What you will do → Below are some entries; state how many of their lines contain the word "isolated", with nothing else in the reply.

Dataset entries:
--
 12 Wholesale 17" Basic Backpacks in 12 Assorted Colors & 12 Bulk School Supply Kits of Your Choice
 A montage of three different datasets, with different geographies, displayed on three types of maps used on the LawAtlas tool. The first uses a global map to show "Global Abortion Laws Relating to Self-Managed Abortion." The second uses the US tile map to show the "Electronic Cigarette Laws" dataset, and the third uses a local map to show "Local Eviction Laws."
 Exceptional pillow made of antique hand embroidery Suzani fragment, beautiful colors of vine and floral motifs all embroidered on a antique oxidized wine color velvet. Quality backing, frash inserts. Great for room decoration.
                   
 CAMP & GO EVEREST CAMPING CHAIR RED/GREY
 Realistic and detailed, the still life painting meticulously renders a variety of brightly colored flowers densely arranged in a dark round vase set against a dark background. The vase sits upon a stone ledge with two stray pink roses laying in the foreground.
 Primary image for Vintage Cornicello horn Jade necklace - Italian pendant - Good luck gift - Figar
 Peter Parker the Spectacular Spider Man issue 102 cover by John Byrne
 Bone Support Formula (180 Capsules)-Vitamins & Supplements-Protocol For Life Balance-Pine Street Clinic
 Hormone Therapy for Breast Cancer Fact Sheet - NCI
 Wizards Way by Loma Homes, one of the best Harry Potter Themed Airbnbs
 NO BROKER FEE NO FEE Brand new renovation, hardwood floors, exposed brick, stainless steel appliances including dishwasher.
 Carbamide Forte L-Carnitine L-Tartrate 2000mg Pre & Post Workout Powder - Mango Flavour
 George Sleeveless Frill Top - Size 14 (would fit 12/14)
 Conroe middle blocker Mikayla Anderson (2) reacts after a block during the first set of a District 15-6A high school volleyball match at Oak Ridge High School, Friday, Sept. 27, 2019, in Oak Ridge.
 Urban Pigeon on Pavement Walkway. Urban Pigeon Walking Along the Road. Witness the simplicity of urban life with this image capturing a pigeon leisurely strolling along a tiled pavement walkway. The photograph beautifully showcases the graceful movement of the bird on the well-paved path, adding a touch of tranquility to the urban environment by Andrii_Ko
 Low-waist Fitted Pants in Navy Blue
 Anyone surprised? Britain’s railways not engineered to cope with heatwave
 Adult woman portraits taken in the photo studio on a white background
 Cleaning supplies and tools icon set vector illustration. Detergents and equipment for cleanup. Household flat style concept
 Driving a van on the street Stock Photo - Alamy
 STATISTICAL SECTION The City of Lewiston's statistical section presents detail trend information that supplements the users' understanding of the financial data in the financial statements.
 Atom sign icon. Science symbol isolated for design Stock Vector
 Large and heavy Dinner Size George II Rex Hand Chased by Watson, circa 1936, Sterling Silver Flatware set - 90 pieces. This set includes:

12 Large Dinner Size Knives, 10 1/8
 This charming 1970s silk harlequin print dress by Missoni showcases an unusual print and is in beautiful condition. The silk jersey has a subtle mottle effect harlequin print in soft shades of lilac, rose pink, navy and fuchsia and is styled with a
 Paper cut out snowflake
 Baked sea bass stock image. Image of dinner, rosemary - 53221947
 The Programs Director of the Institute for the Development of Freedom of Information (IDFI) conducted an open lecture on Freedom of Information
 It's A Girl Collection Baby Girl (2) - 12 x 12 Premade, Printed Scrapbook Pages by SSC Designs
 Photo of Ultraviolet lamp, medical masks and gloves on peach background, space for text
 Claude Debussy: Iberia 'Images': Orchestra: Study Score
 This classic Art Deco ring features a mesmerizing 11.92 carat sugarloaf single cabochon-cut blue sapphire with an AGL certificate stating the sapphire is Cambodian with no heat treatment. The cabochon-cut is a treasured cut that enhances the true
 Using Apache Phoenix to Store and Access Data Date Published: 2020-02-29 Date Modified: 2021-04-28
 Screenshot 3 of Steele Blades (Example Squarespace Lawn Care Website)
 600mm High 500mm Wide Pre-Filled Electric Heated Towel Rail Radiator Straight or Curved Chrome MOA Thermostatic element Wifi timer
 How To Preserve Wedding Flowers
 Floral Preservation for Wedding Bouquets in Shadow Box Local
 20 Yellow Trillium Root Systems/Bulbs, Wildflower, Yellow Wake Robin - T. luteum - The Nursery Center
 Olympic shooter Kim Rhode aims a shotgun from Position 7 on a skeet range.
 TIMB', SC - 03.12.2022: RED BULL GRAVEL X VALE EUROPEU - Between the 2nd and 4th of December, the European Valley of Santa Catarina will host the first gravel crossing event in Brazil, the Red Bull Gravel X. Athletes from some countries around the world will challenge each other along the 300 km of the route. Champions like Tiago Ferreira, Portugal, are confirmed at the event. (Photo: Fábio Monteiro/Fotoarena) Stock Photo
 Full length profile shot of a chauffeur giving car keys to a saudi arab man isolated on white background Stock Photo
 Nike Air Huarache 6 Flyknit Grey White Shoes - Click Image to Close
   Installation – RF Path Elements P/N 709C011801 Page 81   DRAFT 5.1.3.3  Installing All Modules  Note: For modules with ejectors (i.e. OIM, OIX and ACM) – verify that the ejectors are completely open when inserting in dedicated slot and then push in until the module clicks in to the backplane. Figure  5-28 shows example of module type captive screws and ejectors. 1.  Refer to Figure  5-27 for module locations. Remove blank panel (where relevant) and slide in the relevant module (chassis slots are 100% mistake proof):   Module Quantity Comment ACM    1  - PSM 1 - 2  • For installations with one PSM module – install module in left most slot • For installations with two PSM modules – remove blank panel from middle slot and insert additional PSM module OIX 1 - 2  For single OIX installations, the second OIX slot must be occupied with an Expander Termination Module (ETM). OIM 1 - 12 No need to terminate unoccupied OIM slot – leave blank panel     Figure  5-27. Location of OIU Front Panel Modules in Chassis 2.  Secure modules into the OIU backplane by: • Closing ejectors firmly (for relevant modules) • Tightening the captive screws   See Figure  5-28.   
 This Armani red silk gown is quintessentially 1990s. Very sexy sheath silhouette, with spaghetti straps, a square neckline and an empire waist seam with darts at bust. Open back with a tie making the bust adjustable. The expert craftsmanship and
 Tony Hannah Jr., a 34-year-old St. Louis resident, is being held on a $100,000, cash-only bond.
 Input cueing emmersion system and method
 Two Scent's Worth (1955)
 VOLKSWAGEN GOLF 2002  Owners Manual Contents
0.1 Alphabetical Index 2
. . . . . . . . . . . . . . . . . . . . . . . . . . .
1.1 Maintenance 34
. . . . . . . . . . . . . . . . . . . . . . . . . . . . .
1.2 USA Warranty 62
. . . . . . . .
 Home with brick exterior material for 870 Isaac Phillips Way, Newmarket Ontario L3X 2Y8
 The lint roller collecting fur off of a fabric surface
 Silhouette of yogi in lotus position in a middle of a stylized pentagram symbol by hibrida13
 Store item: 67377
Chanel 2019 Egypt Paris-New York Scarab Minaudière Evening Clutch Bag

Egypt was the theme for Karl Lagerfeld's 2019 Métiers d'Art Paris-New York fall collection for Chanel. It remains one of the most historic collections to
--
Written solution → 2